These coefficients $L_{ij}$ may depend on temperature, free volume, and mass concentration [14]. It follows from Equations (11) and (12) that:

$$\begin{array}{l}q=\left(L_{13}(\frac{\partial R}{\partial T}+s_v)-L_{12}(\frac{\partial {\mu }_c}{\partial T}+s_c)-L_{11}\frac{1}{T}\right)\nabla T+\left(L_{13}\frac{\partial R}{\partial C}-L_{12}\frac{\partial {\mu }_c}{\partial C}\right)\nabla C+\left(L_{13}\frac{\partial R}{\partial v_f}-L_{12}\frac{\partial {\mu }_c}{\partial v_f}\right)\nabla v_f\\ f=\left(L_{23}(\frac{\partial R}{\partial T}+s_v)-L_{22}(\frac{\partial {\mu }_c}{\partial T}+s_c)-L_{12}\frac{1}{T}\right)\nabla T+\left(L_{23}\frac{\partial R}{\partial C}-L_{22}\frac{\partial {\mu }_c}{\partial C}\right)\nabla C+\left(L_{23}\frac{\partial R}{\partial v_f}-L_{22}\frac{\partial {\mu }_c}{\partial v_f}\right)\nabla v_f\\ \Psi =\left(L_{33}(\frac{\partial R}{\partial T}+s_v)-L_{23}(\frac{\partial {\mu }_c}{\partial T}+s_c)-L_{13}\frac{1}{T}\right)\nabla T+\left(L_{33}\frac{\partial R}{\partial C}-L_{23}\frac{\partial {\mu }_c}{\partial C}\right)\nabla C+\left(L_{33}\frac{\partial R}{\partial v_f}-L_{23}\frac{\partial {\mu }_c}{\partial v_f}\right)\nabla v_f\end{array}$$

(13)

Through substitution of Equation (13) into Equation (3), the governing equations which couple the mass transport process and physical aging in the presence of free volume evolution can be obtained. It should be noted that these formulae only hold at the stress-free state, since the Gibbs free energy is considered to be stress-independent for simplicity, as shown in Equation (6). By introducing additional parameters, such as stress and other internal state variables, more general control equations can be easily obtained via a similar derivation process. These works can refer to Weitsman [14] and Sih et al. [30]. In addition, to determine the evolution of free volume caused by lattice contraction, an additional equation must be introduced. According to the works of Struik [3] and Lock et al. [2], the free volume induced by lattice contraction follows a self-retarding mechanism and can be given by:

$$\frac{d\delta v_f^{LC}}{dt}=-\frac{\delta v_f^{LC}}{\tau \exp \left(-\gamma \delta v_f^{LC}\right)}$$

(14)

where $\delta v_f^{LC}=v_f^{LC}-v_{f_r}$ represents the departure of free volume caused by lattice contraction $v_f^{LC}$ from its reference equilibrium value $v_{f_r}$ and provides the driving force for lattice contraction. $\tau$ is the corresponding relaxation time at equilibrium (i.e., at $t\to \infty$), while $\gamma$ is a constant which characterizes the sensitivity of relaxation time to the excess free volume.

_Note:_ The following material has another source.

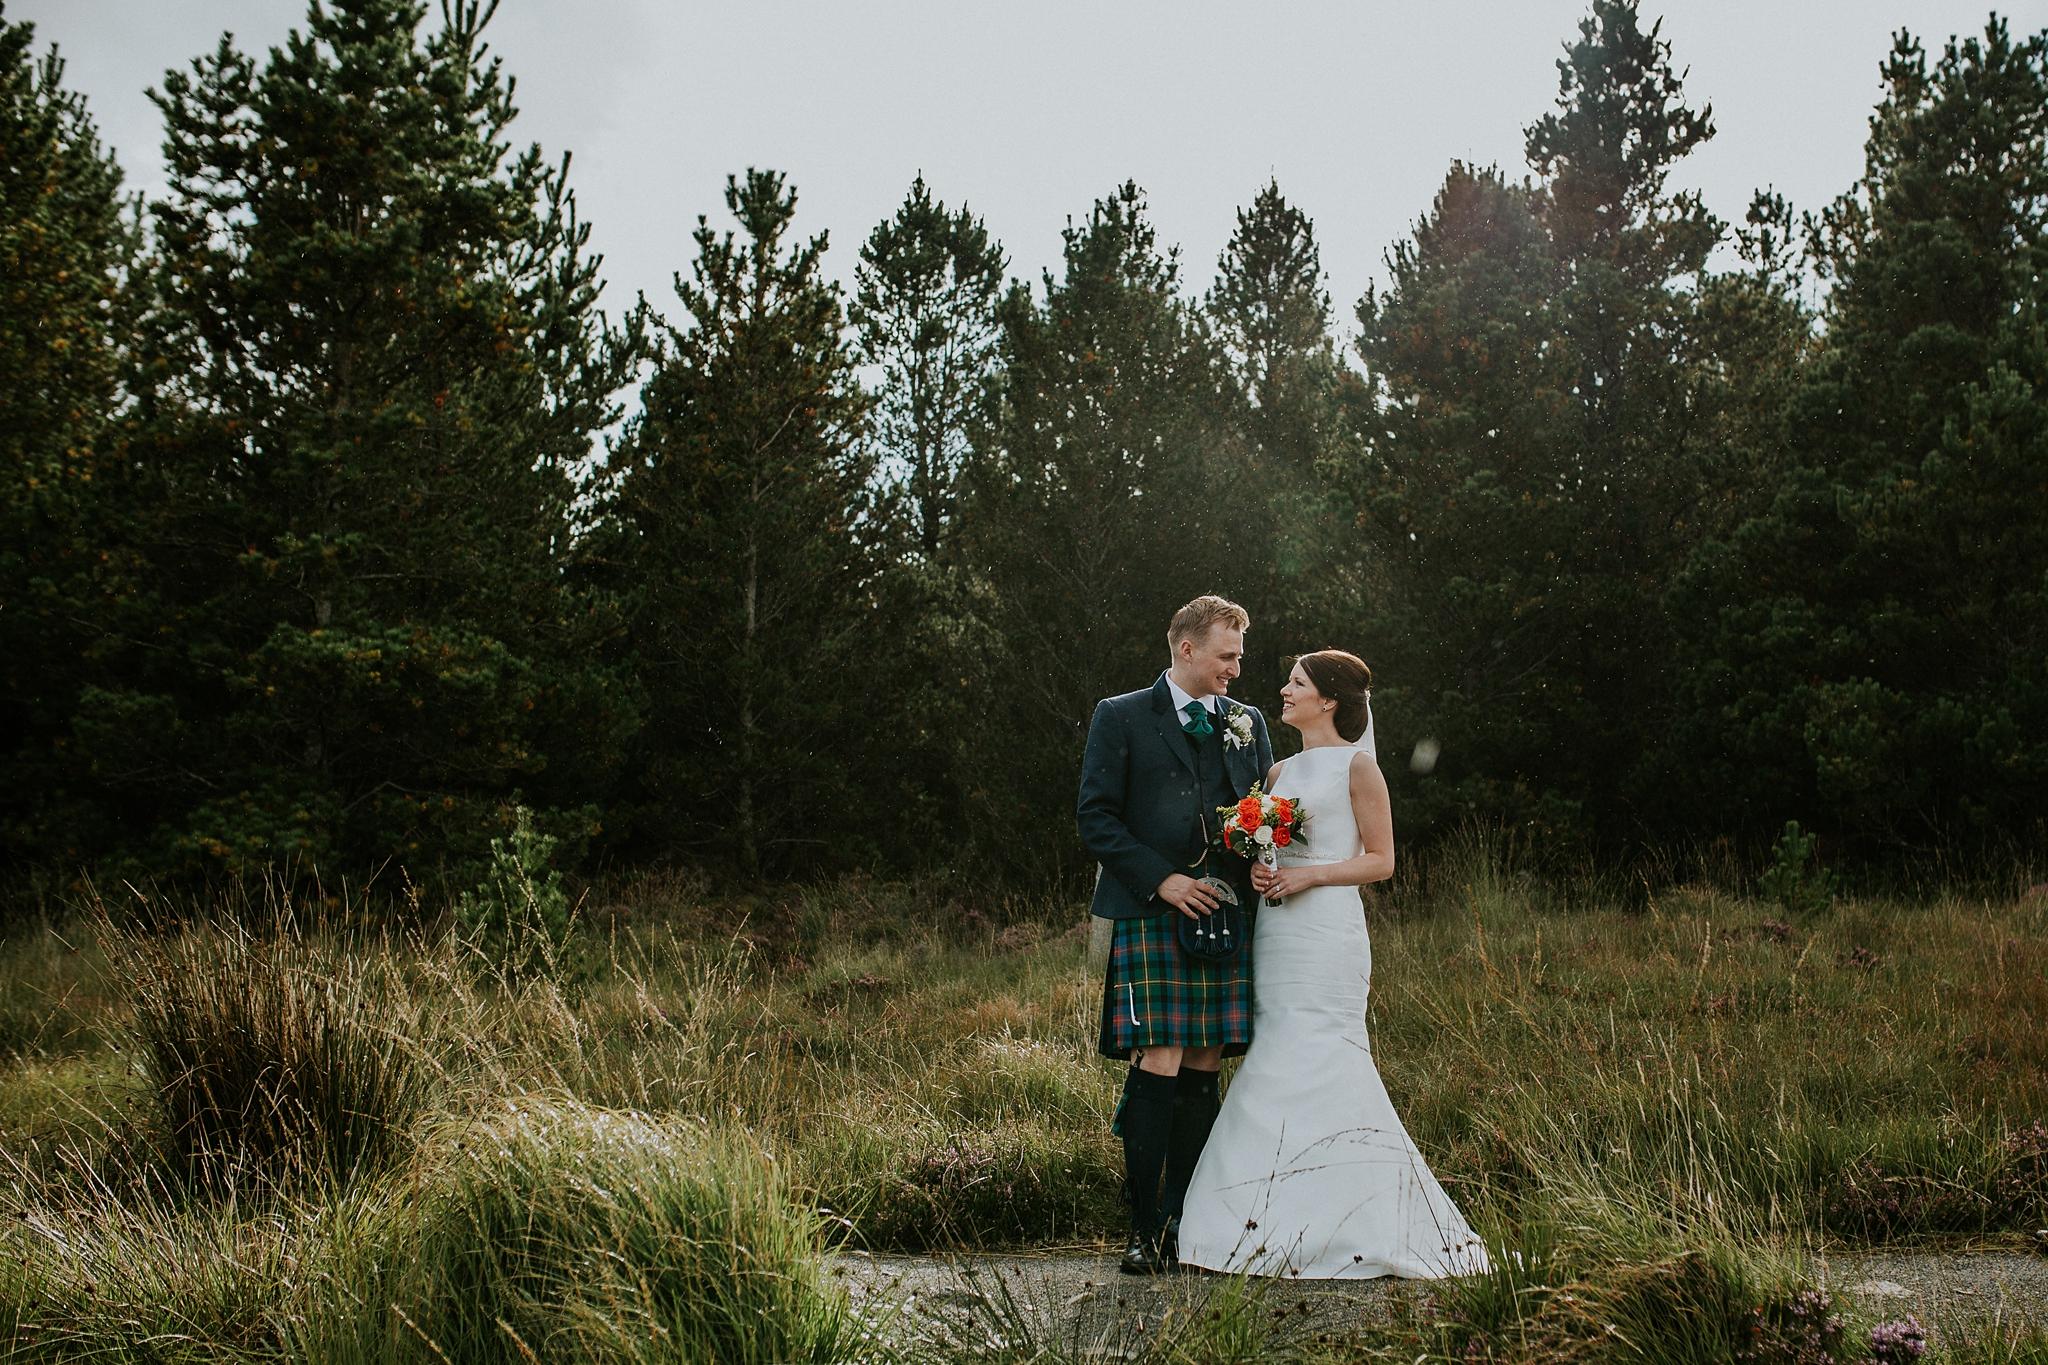 Linda&Shockie_northuist_wedding_photographer-34.JPG

3. Application to Gas Separation Membranes

In order to demonstrate the potential coupling between mass transport and physical aging, here we focus on the gas transport properties of the aging separation membranes, which represent one of the most important applications of glassy polymers ascribed to their outstanding separation ability. The thin film is intrinsically one-dimensional that the gas diffusion along the film thickness and is little-affected by stress due to the membrane structure and surface support in service [4], making them a simple and suitable research object.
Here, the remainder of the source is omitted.